▶ Exercise
Repeat the listing below exactly. Pictures do not belong in the copy.

▶ Data provided

╔══

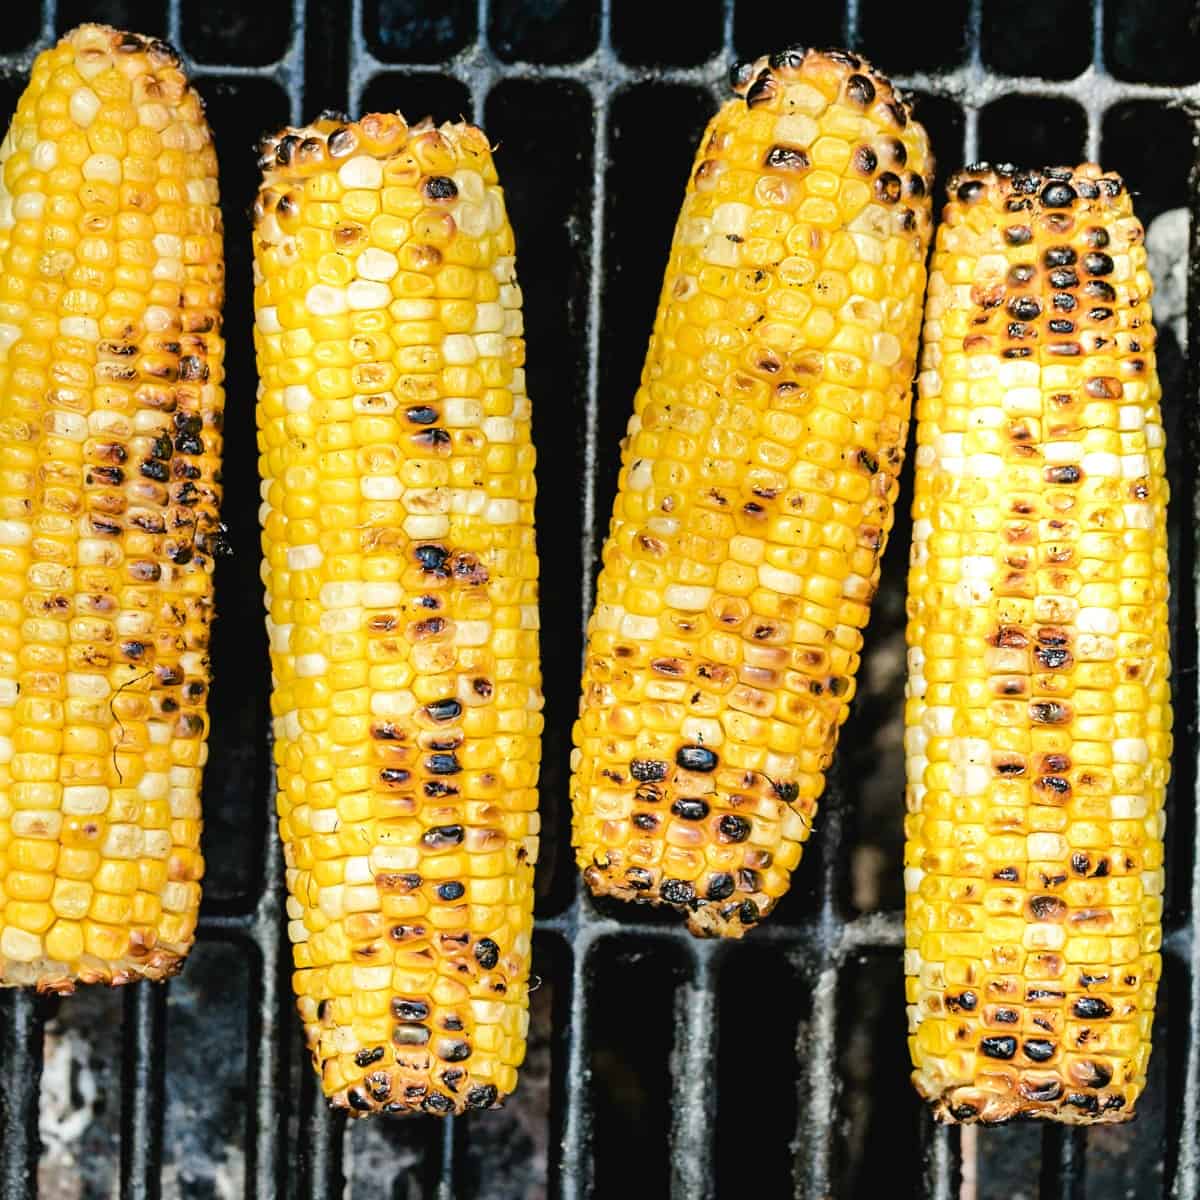 How To Grill Corn On The Cob The Best Corn On The Cob,Learn How To Crochet For Beginners
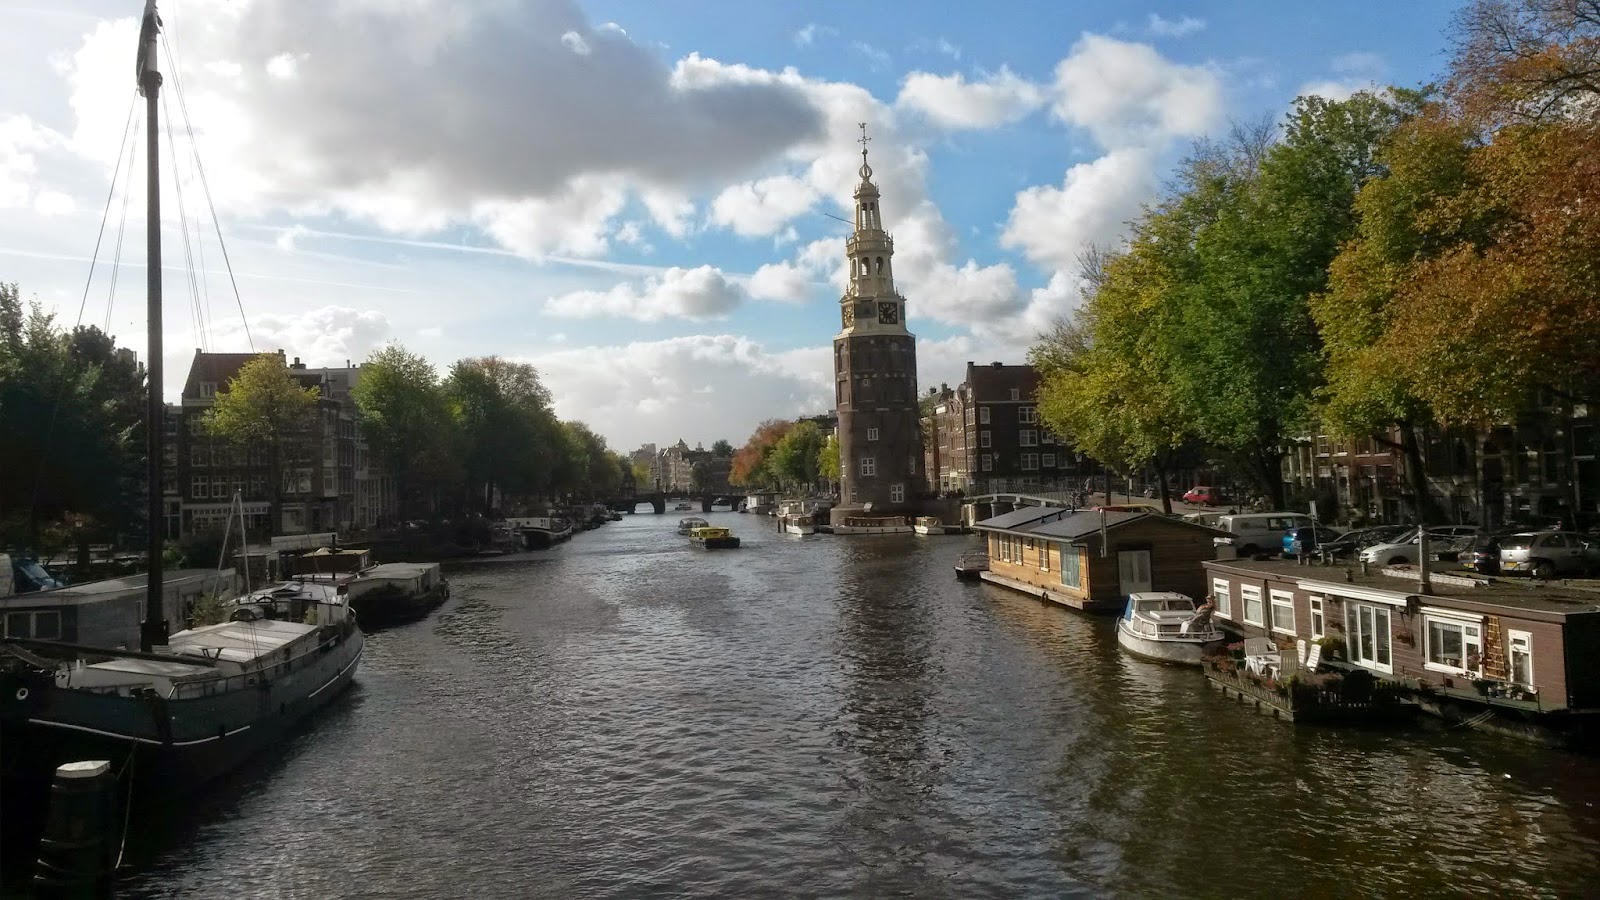 AMSTERDAM TOURIST INFO, Travel Guide Amsterdam: What are the best
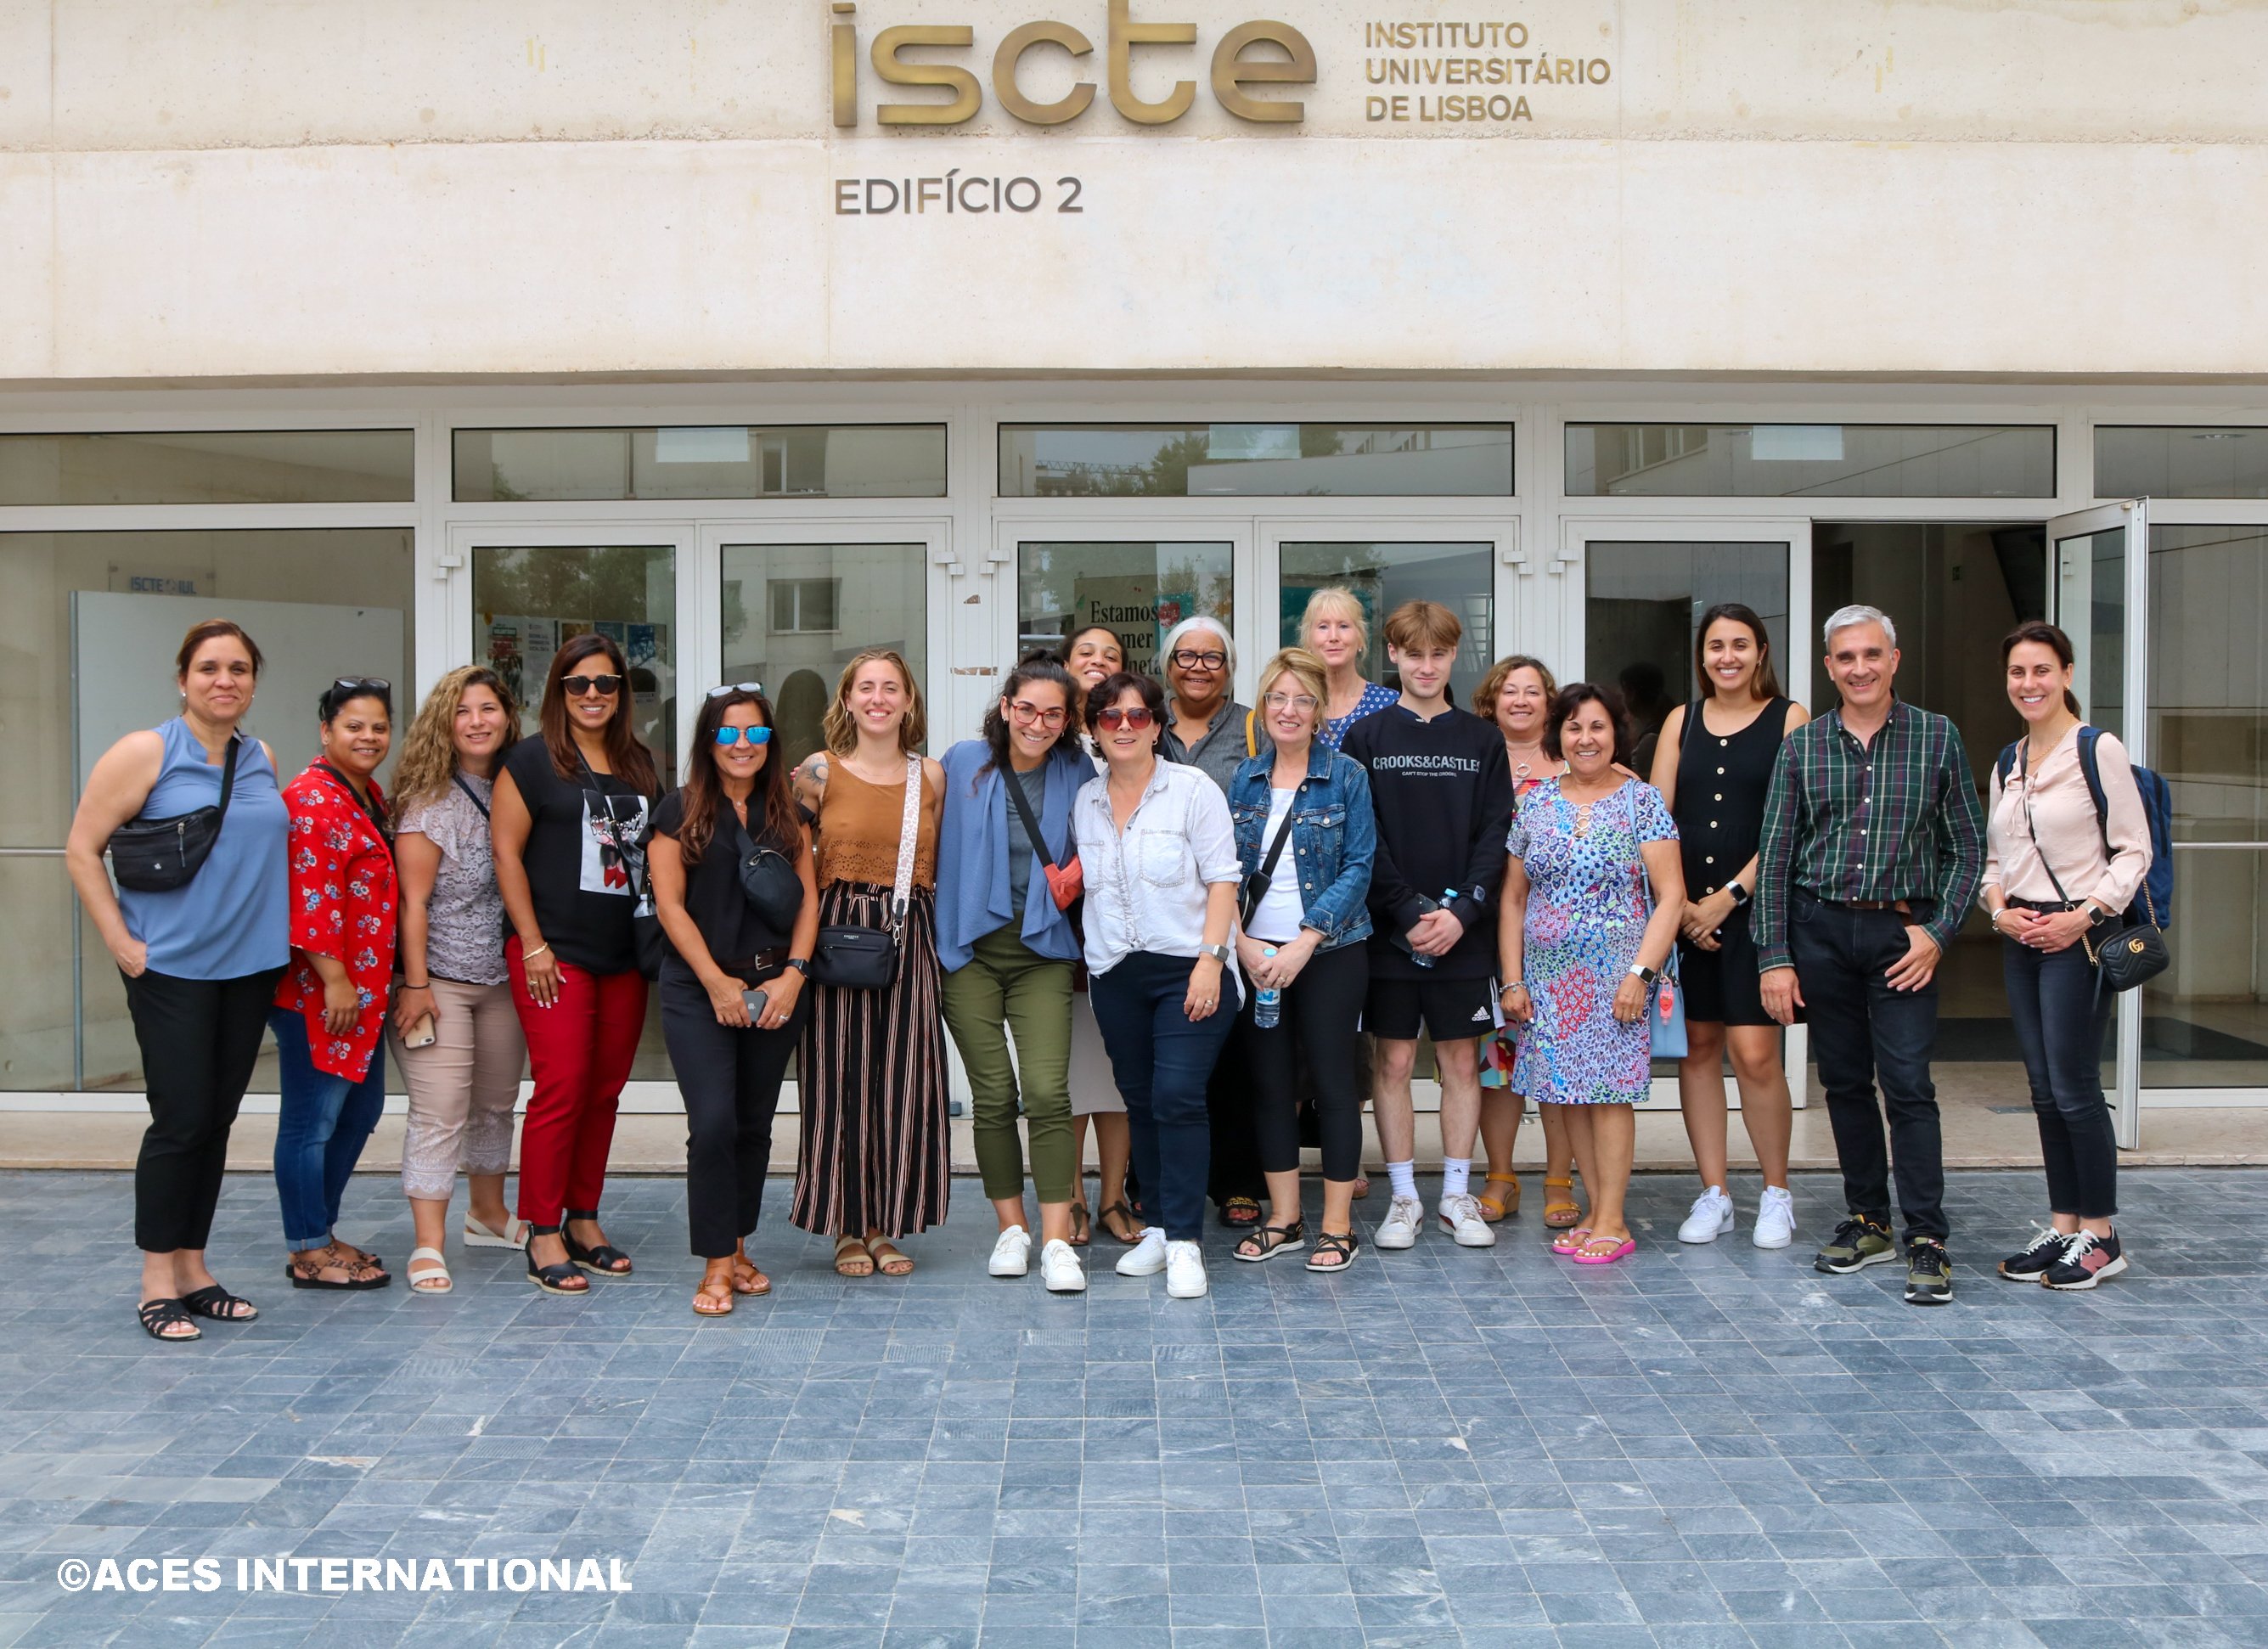 The Educators Field Study group takes a picture in front of the Instituto Universitário de Lisboa.
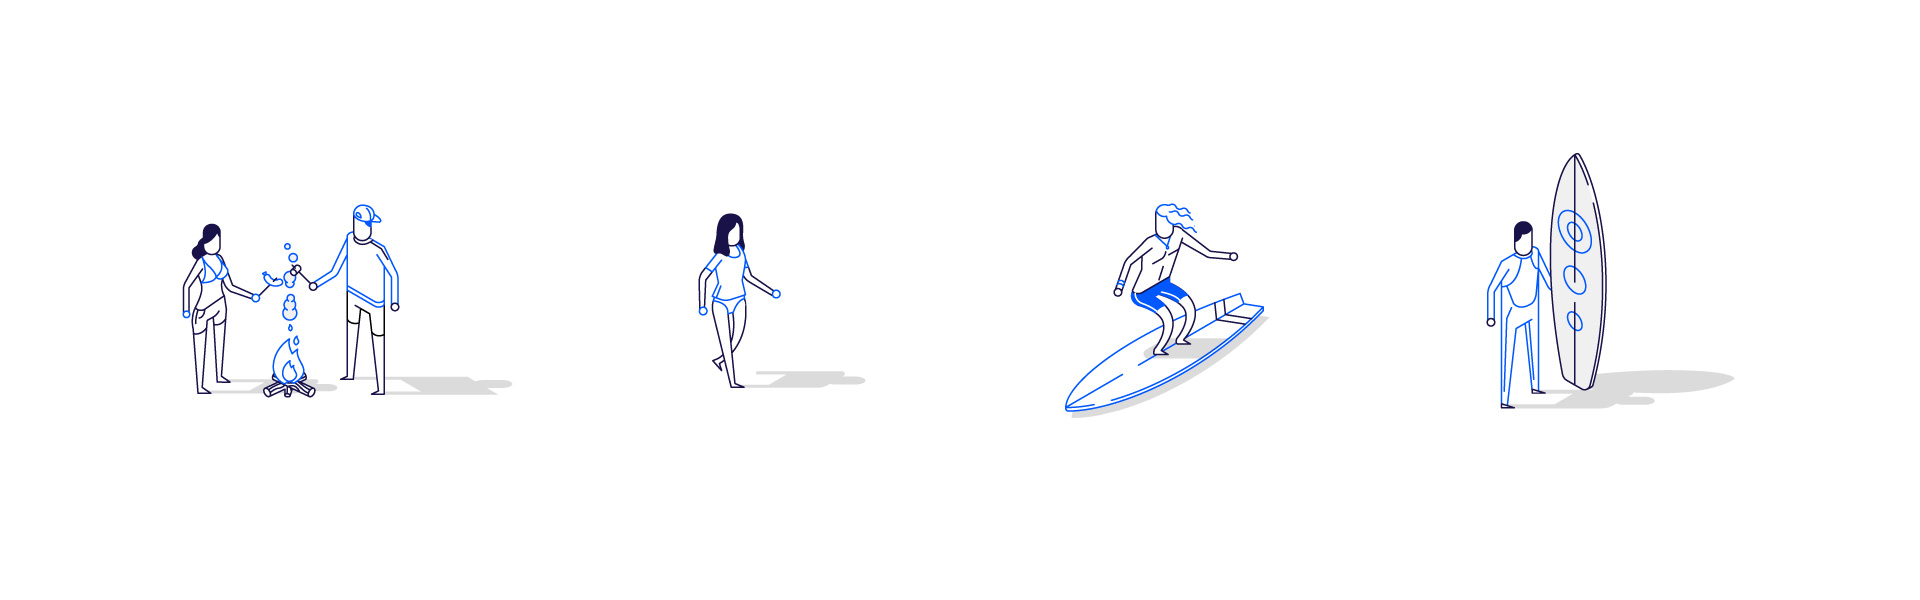 Illustration of a couple cooking on a campfire and two surfers

╚══

▶ Task result
 How To Grill Corn On The Cob The Best Corn On The Cob,Learn How To Crochet For Beginners
 AMSTERDAM TOURIST INFO, Travel Guide Amsterdam: What are the best
 The Educators Field Study group takes a picture in front of the Instituto Universitário de Lisboa.
 Illustration of a couple cooking on a campfire and two surfers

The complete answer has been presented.